Residual Plots

We use the savings dataset as an example again:
    > g <- lm(sav ~ p15 + p75 + inc + gro)
First the residuals vs. fitted plot and the abs(residuals) vs. fitted plot.
    > motif()
    > plot(g$fit,g$res)
    > abline(h=0)
    > plot(g$fit,abs(g$res))
What do you see? A quick way to check non-constant variance is this regression:
    > summary(lm(abs(g$res) ~ g$fit))
    Coefficients:
                  Value Std. Error t value Pr(>|t|) 
    (Intercept)  4.8397  1.1865     4.0790  0.0002 
          g$fit -0.2035  0.1185    -1.7166  0.0925 

    Residual standard error: 2.163 on 48 degrees of freedom
    Multiple R-Squared: 0.05784 
    F-statistic: 2.947 on 1 and 48 degrees of freedom, the p-value is 0.09251
This test is not quite right as some weighting should be used and the degrees of freedom should be adjusted but there doesn't seem to be a clear problem with non-constant variance.

 It's often had to judge residual plots without prior experience so let's generate some of the artificial variety. The following four panels show

  1. Constant Variance
  2. Strong non-constant variance
  3. Mild non-constant variance
  4. Non-linearity
  5. > par(mfrow=c(3,3))
    > for(i in 1:9) plot(1:50,rnorm(50))
    > for(i in 1:9) plot(1:50,(1:50)*rnorm(50))
    > for(i in 1:9) plot(1:50,sqrt((1:50))*rnorm(50)) 
    > for(i in 1:9) plot(1:50,cos((1:50)*pi/25)+rnorm(50))
    > par(mfrow=c(1,1))

In this case we know the truth - do you think you would be able to come to the right conclusions for real data? Repeat to get an idea of the usual amount of variation.

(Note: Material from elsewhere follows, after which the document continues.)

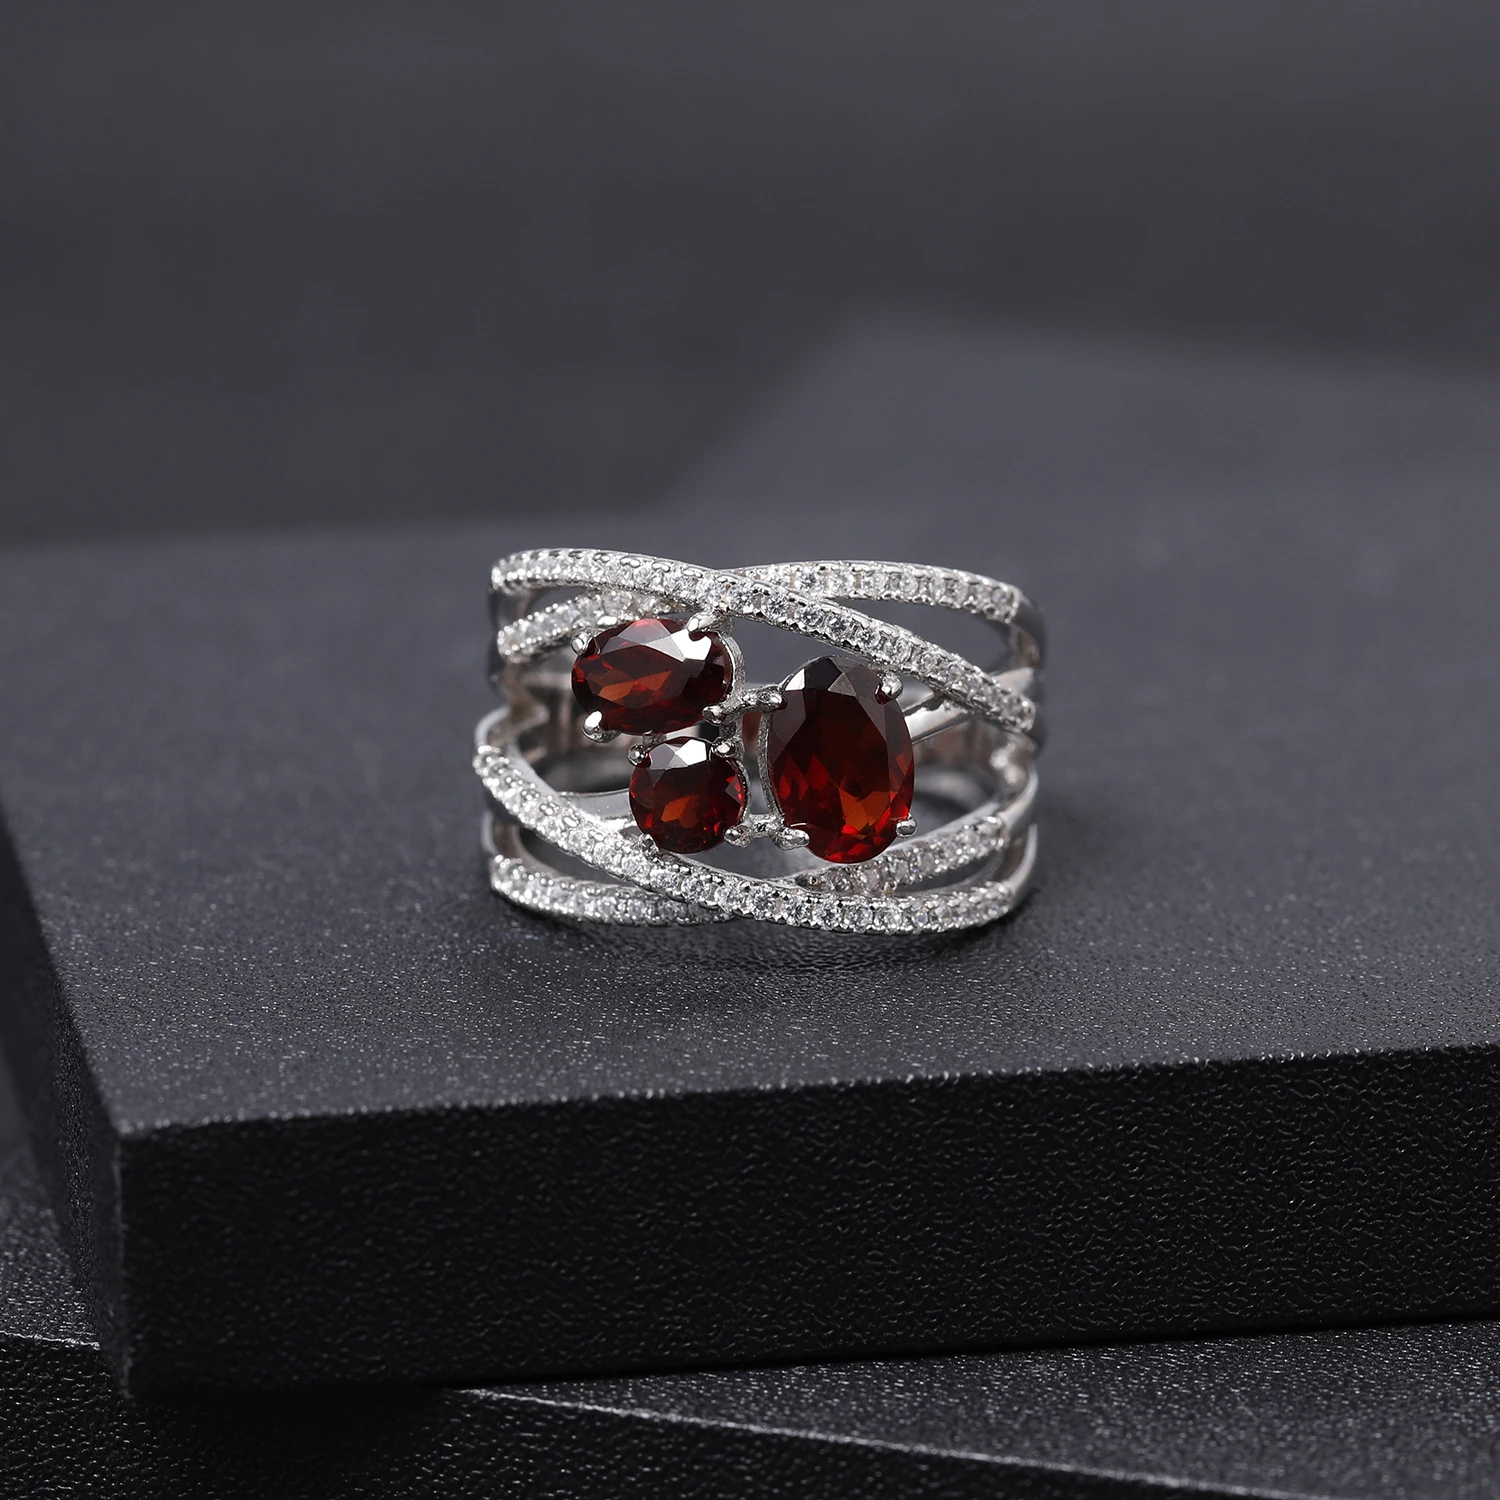 GEM'S BALLET, 1.87Ct, натуральный красный гранат, кольца на палец, 925 пробы, серебро, крест-накрест, ПАВЕ, драгоценный камень, кольцо для женщин, хорошее ювелирное изделие
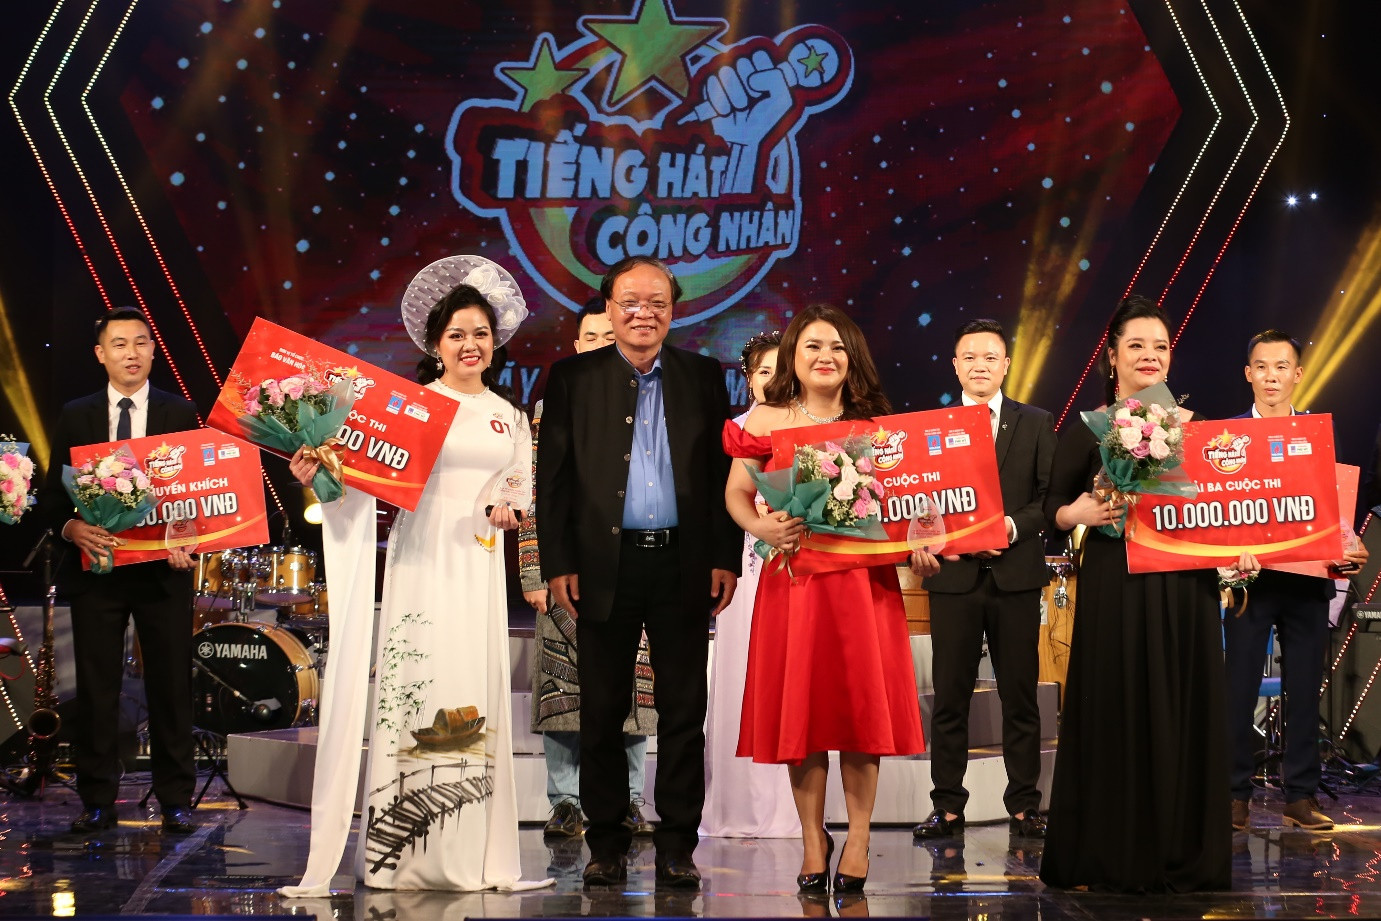 NSND Phạm Ngọc Khôi – Phó Chủ tịch Hội Nhạc sĩ Việt Nam trao giải cho các thí sinh đoạt giải Ba.

 Now look at the residuals against predictor plots:

    > plot(p15,g$res)
Can you see the two groups? Let's compare and test the variances:
    > var(g$res[p15 > 35])/var(g$res[p15 < 35]) 
    [1] 2.785184
    > length(g$res[p15 > 35])
    [1] 23
    > 1-pf(2.785184,22,26)
    [1] 0.006786117
A significant difference is seen:

 Now try the partial regression (added variable) plot for p15:

    > d <- lm(sav ~ p75 + inc + gro)$res
    > m <- lm(p15 ~ p75 + inc + gro)$res
    > plot(m,d)
Compare the slope on the plot to the original regression and show the line on the plot:
    > lm(d ~ m)$coef
       (Intercept)         m 
     -1.231709e-16 -0.461205
    > g$coef
     (Intercept)       p15       p75           inc       gro 
        28.56661 -0.461205 -1.691576 -0.0003367615 0.4096998
    > abline(0,g$coef['p15'])
A partial residual plot is easier to do:
    > plot(p15,g$res+g$coef['p15']*p15)
    > abline(0,g$coef['p15'])
Might there be a different relationship in the two groups:
    > g1 <- lm(sav ~ p15 + p75 + inc + gro,subset=(p15 > 35))
    > g2 <- lm(sav ~ p15 + p75 + inc + gro,subset=(p15 < 35))
    > summary(g1)
    Coefficients:
                   Value Std. Error  t value Pr(>|t|) 
    (Intercept)  -2.4340  21.1550    -0.1151   0.9097
            p15   0.2739   0.4392     0.6235   0.5408
            p75  -3.5485   3.0333    -1.1698   0.2573
            inc   0.0004   0.0050     0.0842   0.9339
            gro   0.3955   0.2901     1.3632   0.1896
    
    Residual standard error: 4.454 on 18 degrees of freedom
    Multiple R-Squared: 0.1558 
    F-statistic: 0.8302 on 4 and 18 degrees of freedom, the p-value is 0.5233 
    > summary(g2)
    Coefficients:
                   Value Std. Error  t value Pr(>|t|) 
    (Intercept)  23.9638   8.0836     2.9645   0.0072
            p15  -0.3860   0.1954    -1.9755   0.0609
            p75  -1.3279   0.9260    -1.4339   0.1657
            inc  -0.0005   0.0007    -0.6339   0.5327
            gro   0.8844   0.2953     2.9945   0.0067
    
    Residual standard error: 2.772 on 22 degrees of freedom
    Multiple R-Squared: 0.5073 
    F-statistic: 5.663 on 4 and 22 degrees of freedom, the p-value is 0.002733
Can you see the difference? The graphical analysis has shown a relationship in the data that a purely numerical analysis might easily have missed.